Reproducibility scores:

Code availability: 2/5. Inference weights released, but no training code or pipeline scripts. Reproducing the RL training is infeasible without the full infrastructure.
Data availability: 2/5. Evaluation benchmarks are public. Cold-start SFT data and the full RL training data distribution are proprietary and unspecified.
Experimental detail: 2/5. Key hyperparameters incompletely specified. Compute requirements unreported. Evaluation protocol details (number of seeds, temperature, sampling strategy for pass@1) insufficient for exact replication.

Five Questions the Authors Should Answer

1. What group size $G$ was used in GRPO, and how sensitive are the R1-Zero results to this parameter?

2. Can pass@1 results be reported as means over at least 5 random seeds with standard deviations, particularly for AIME 2024?
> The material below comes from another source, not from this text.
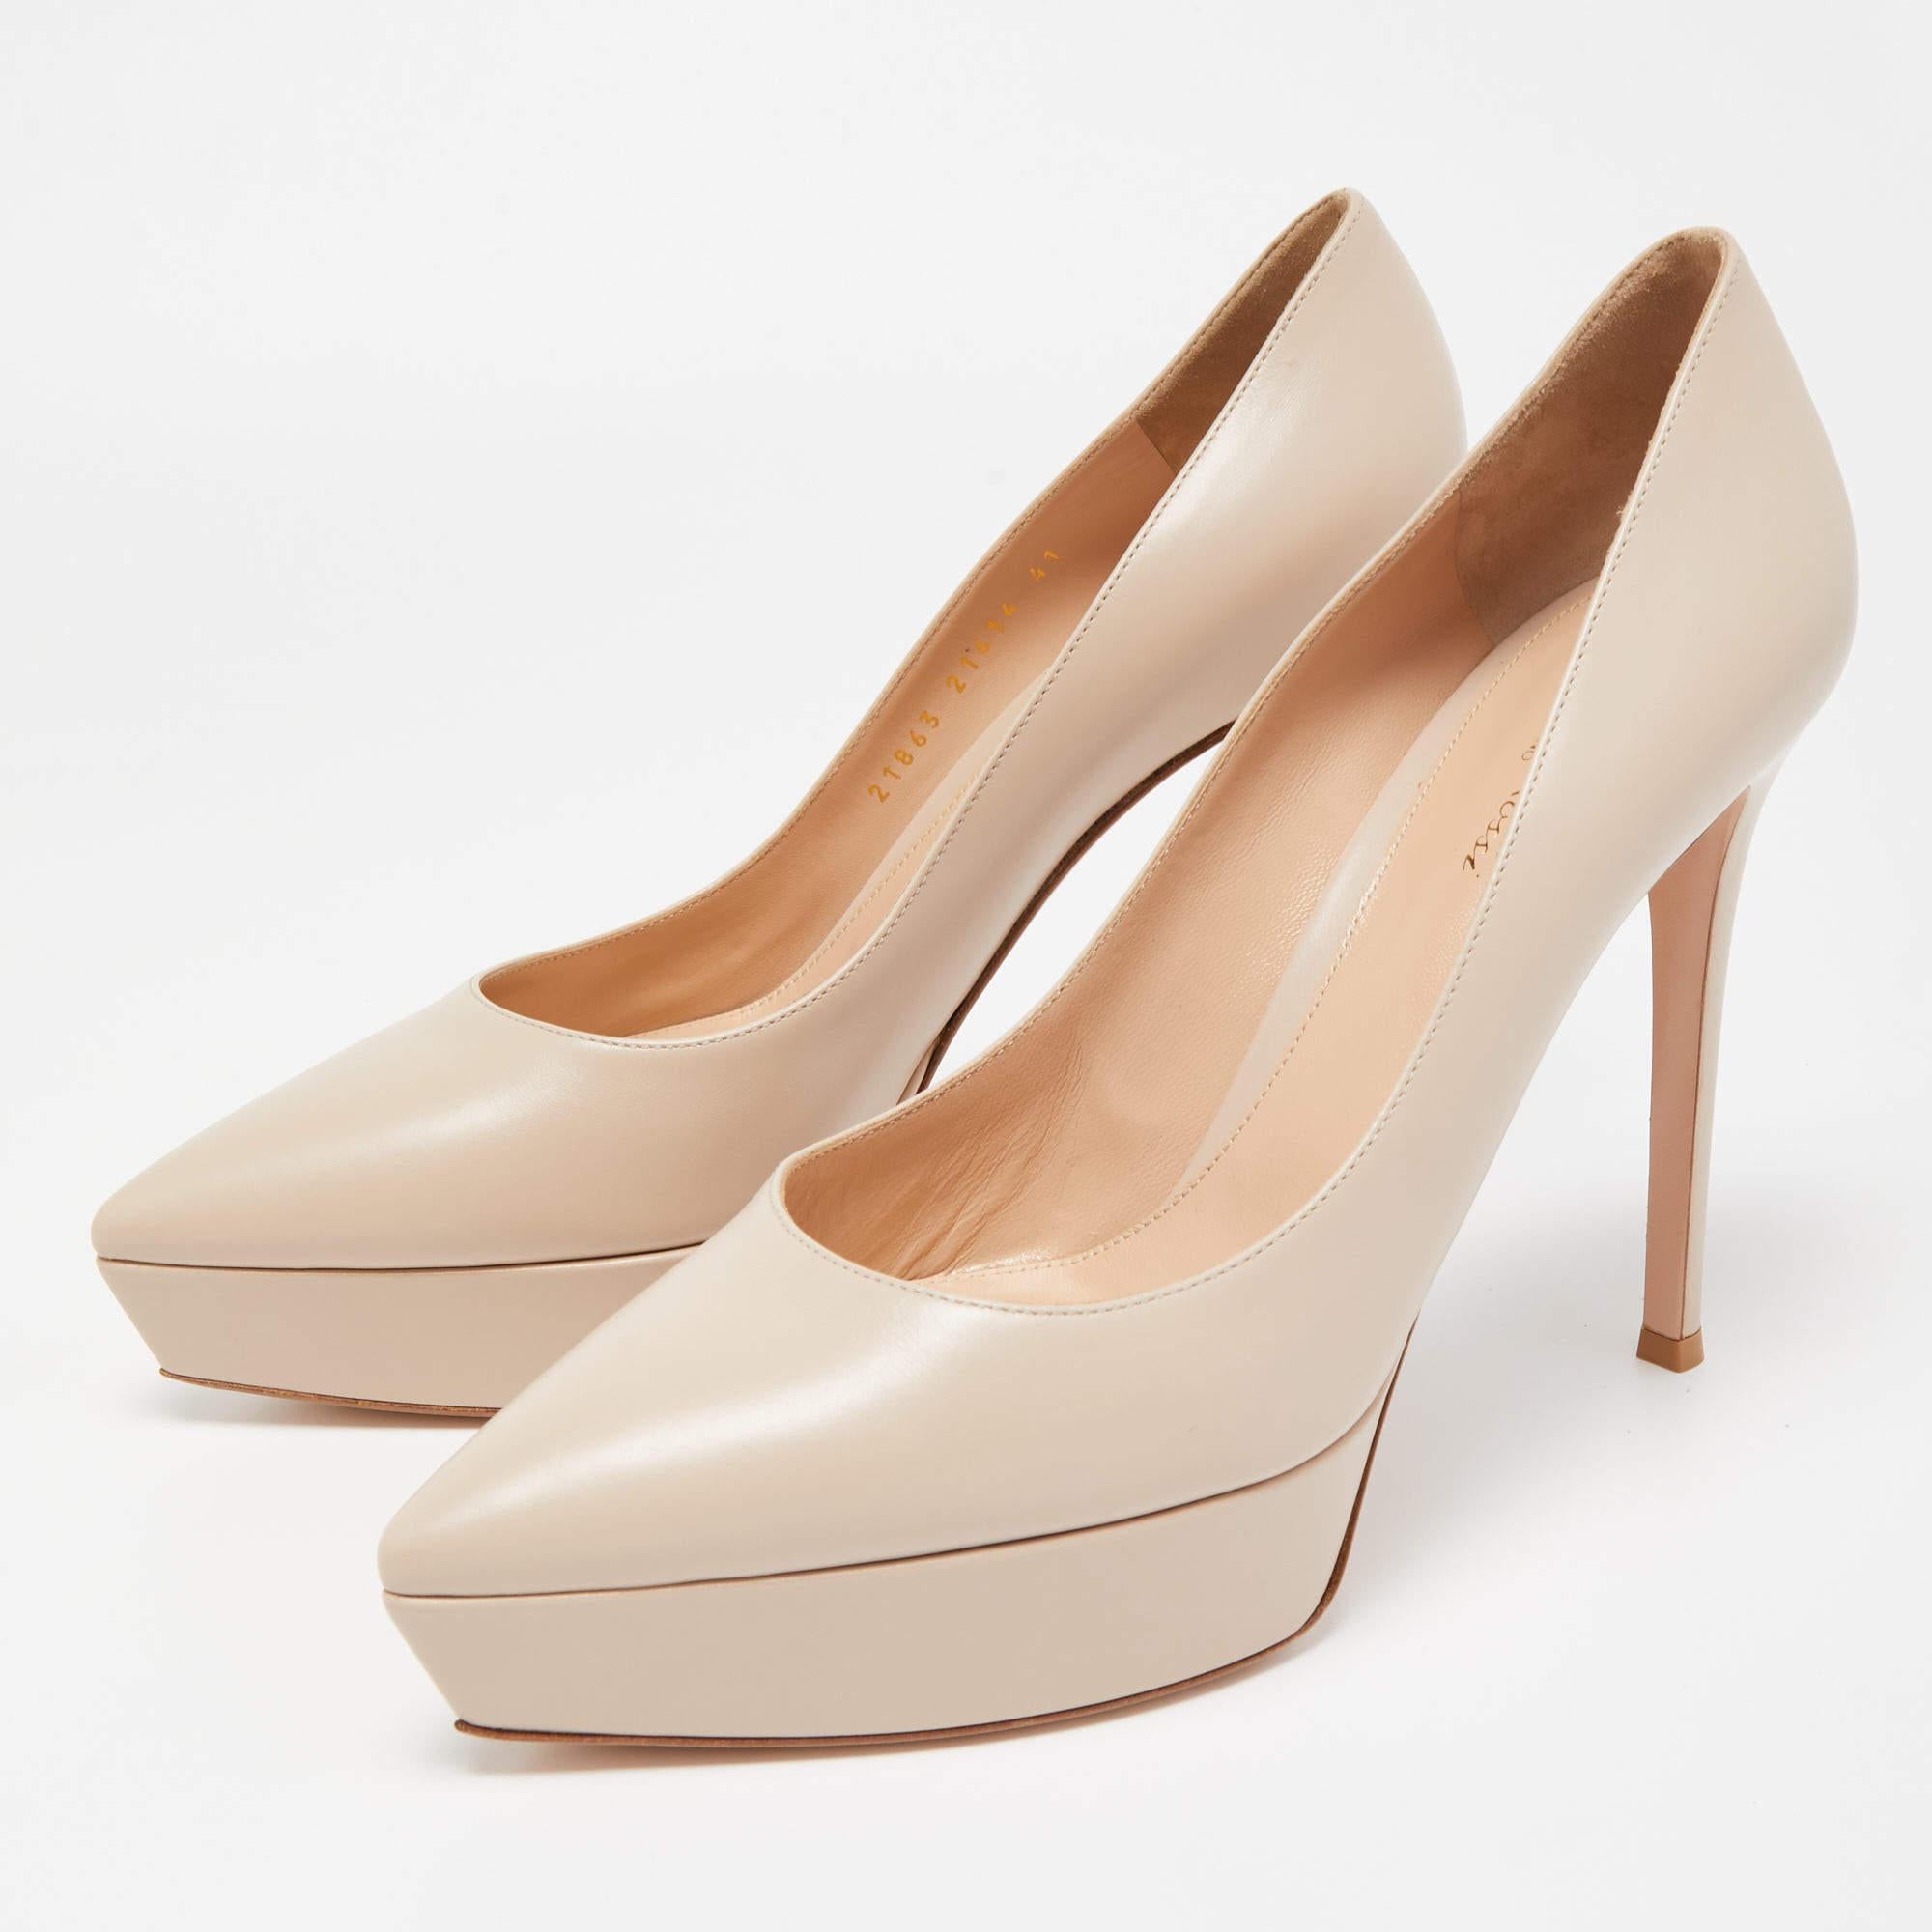 Gianvito Rossi Light Pink Leather Platform Pointed Toe Pumps Size 41 For Sale 4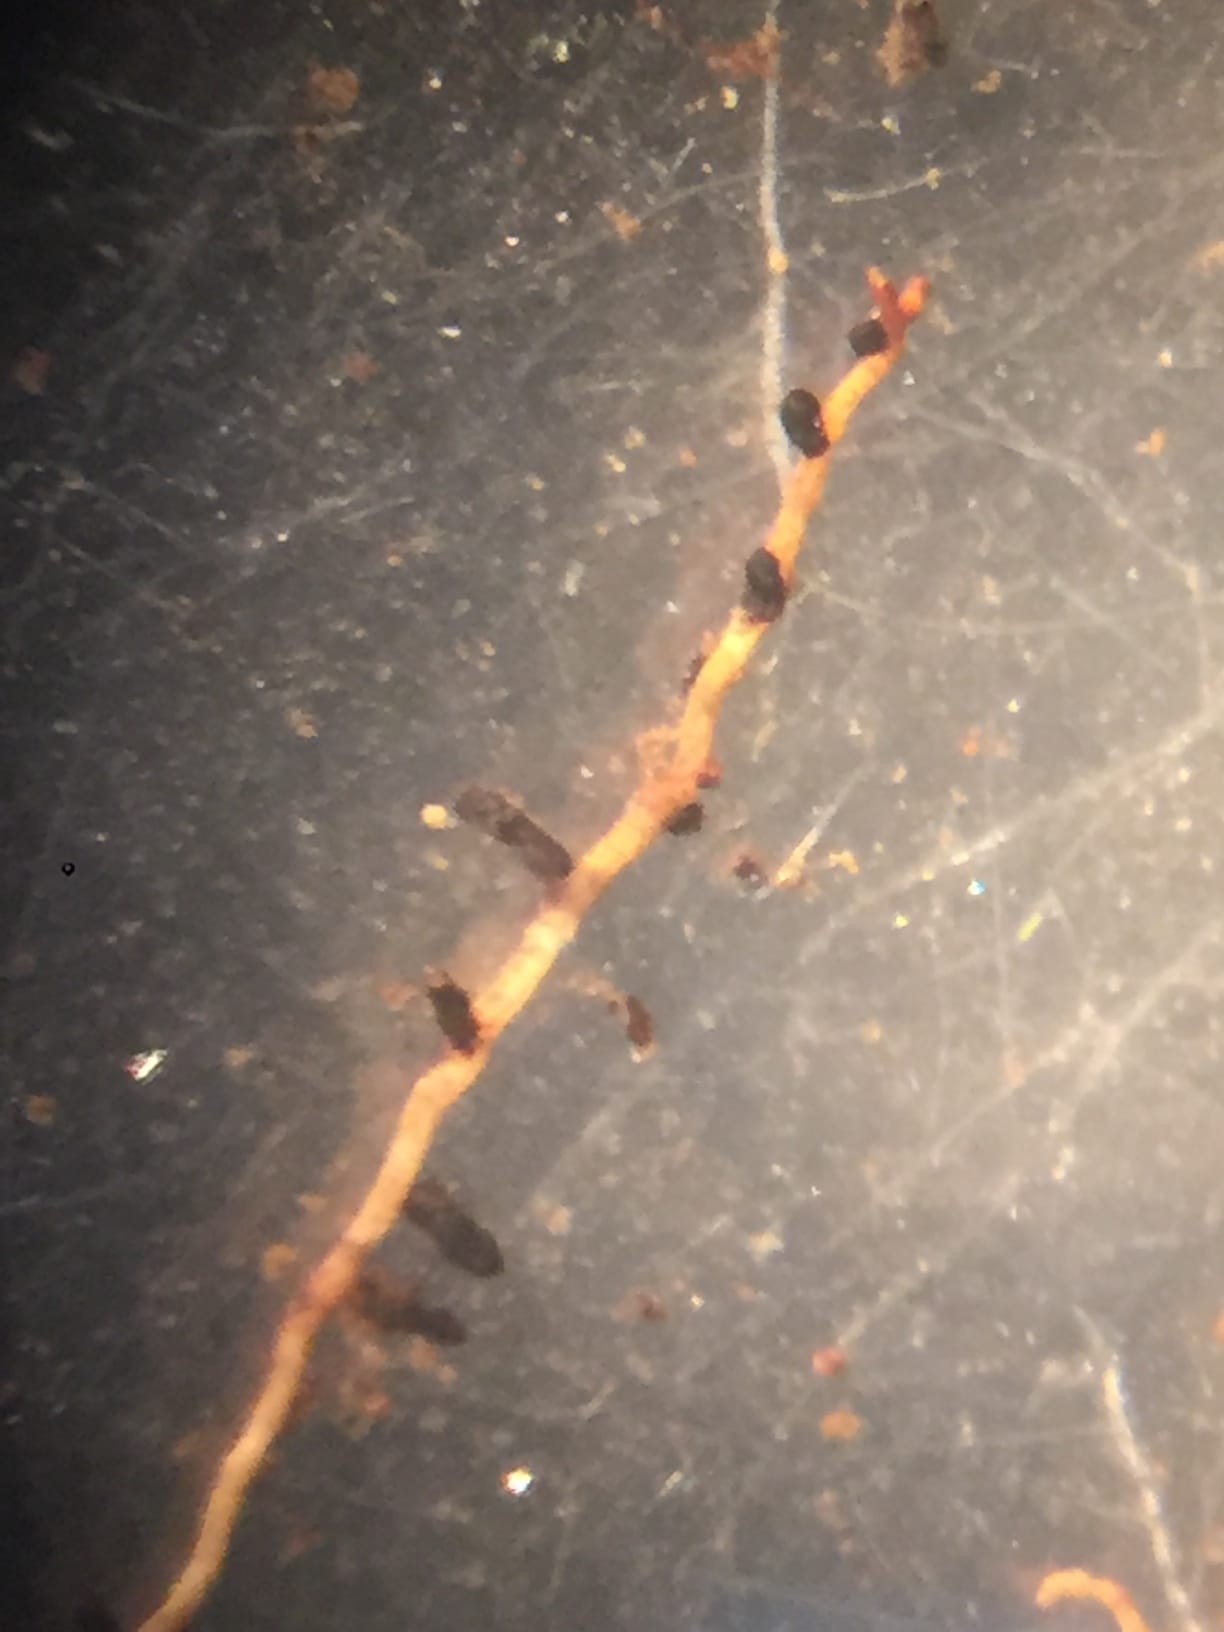 Black ectomycorrhizae cover birch root tips in this photo taken under the microscope.

3. What decontamination procedure was applied to ensure AIME 2024 and MATH benchmark problems were absent from the pretraining corpus?

4. How does R1-Zero compare to STaR-style iterative self-training [Zelikman et al. 2022] applied to the same base model with the same compute budget?

5. What fraction of R1-Zero's outputs across the full test set exhibit the self-verification behavior highlighted in the qualitative examples?

Verdict: A Compelling Idea Undermined by Its Own Evidence

The paper presents a conceptually important finding wrapped in experimental methodology that does not meet the standard of evidence its claims require. The qualitative insight, that pure RL can surface reasoning-like behaviors from a strong base model, is valuable and likely directionally correct. The R1-Zero training curve showing progressive development of longer, more structured reasoning chains is genuinely compelling as a demonstration.

But the specific quantitative claims of matching o1 are not reliably established. Sample sizes on flagship benchmarks are too small, no variance estimates appear anywhere, baselines are uncontrolled for compute or data, and critical ablations are absent. The four-stage R1 pipeline is presented as a monolith with no decomposition of per-stage contribution.

Strength of empirical evidence: moderate. Strong for the qualitative finding that RL induces reasoning-like behavior. Weak for the specific numerical claims of competitive performance with o1.

Researchers building on this work should treat the qualitative mechanistic insight as the primary contribution and approach the benchmark tables with appropriate skepticism. For the field, the prescription is straightforward: report confidence intervals, run multiple seeds, control your baselines, and decompose your pipeline. Reproducibility is not optional, it is the minimum.

Reproducibility & Sources

Primary paper: DeepSeek-AI. "DeepSeek-R1: Incentivizing Reasoning Capability in LLMs via Reinforcement Learning." arXiv:2501.12948, January 2025.

Code repository: No official training code released. Model weights (R1 and distilled variants) available via Hugging Face. Inference code provided.

Datasets:

AIME 2024: 30-problem competition set, publicly available
MATH-500: Subset of MATH benchmark [Hendrycks et al. 2021], publicly available
Codeforces: Public competitive programming platform
Cold-start SFT data: Proprietary, not released

Reproducibility assessment:

Code availability: 2/5. Weights released, no training pipeline. Full reproduction infeasible.
Data availability: 2/5. Evaluation benchmarks public. Training data proprietary and underspecified.
Experimental detail: 2/5. Hyperparameters incomplete. Compute costs unreported. Evaluation protocol underspecified for exact replication.